Lattice calculations on the spectrum of Dirac and Dirac-K\"ahler operators

TL;DR

This paper introduces a matrix-based method for calculating the spectrum and analytical index of elliptic operators like Dirac and Dirac-Kähler on compact Riemannian manifolds, providing exact results and insights.

Contribution

It presents a novel matrix technique to exactly compute spectra and indices of elliptic operators, including Dirac and Dirac-Kähler, on specific manifolds.

Findings

Exact spectrum of Dirac operator on torus and sphere obtained

Analytical index of Dirac operator calculated on these manifolds

Spectrum of Dirac-Kähler operator on the sphere explored

Abstract

We present a matrix technique to obtain the spectrum and the analytical index of some elliptic operators defined on compact Riemannian manifolds.
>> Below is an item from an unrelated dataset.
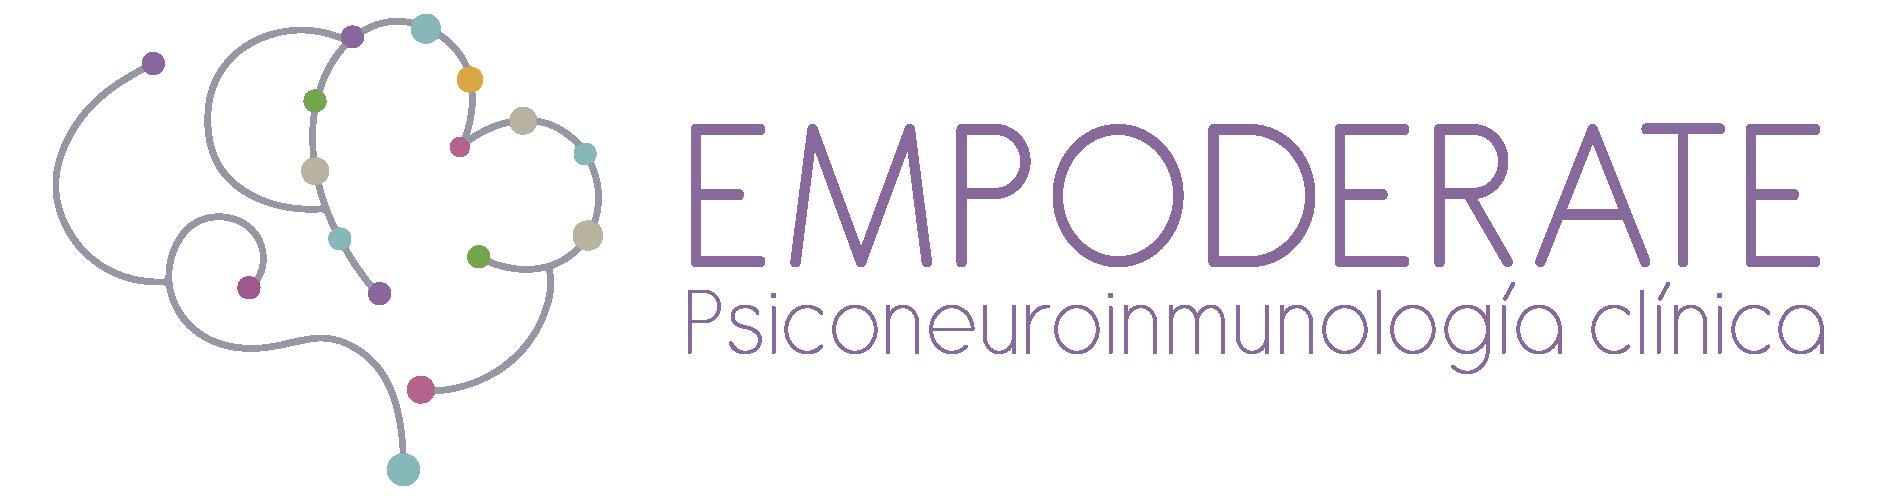 EMPONDERATE-logo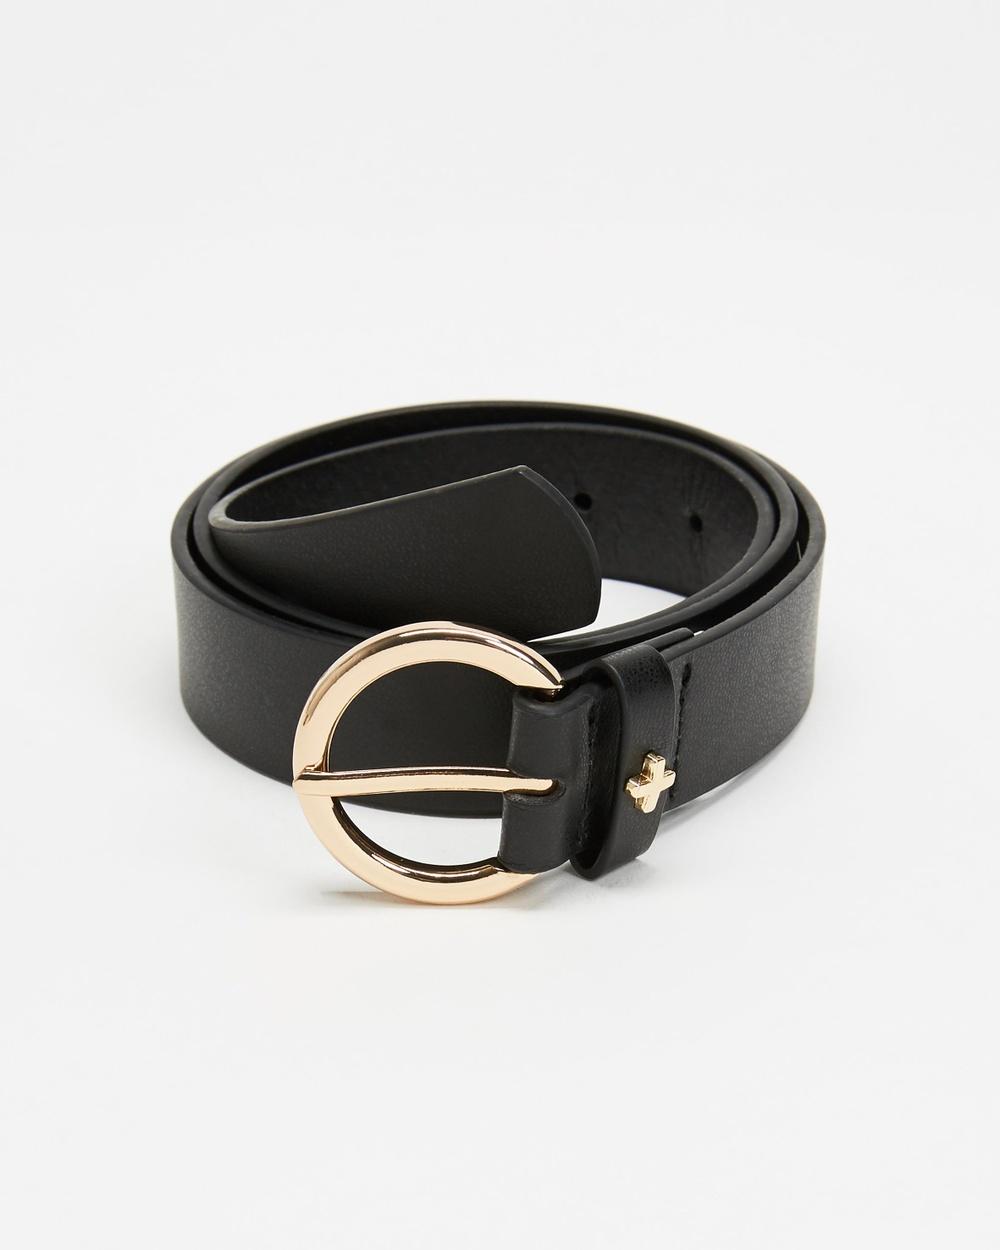 PETA AND JAIN Sinatra Belts Black & Gold

The method uses matrix representations of the derivative which yield exact values for the derivative of a trigonometric polynomial. These matrices can be used to find the exact spectrum of an elliptic operator in particular cases and in general, to give insight into the properties of the solution of the spectral problem. As examples, the analytical index and the eigenvalues of the Dirac operator on the torus and on the sphere are obtained and as an application of this technique, the spectrum of the Dirac-Kahler operator on the sphere is explored.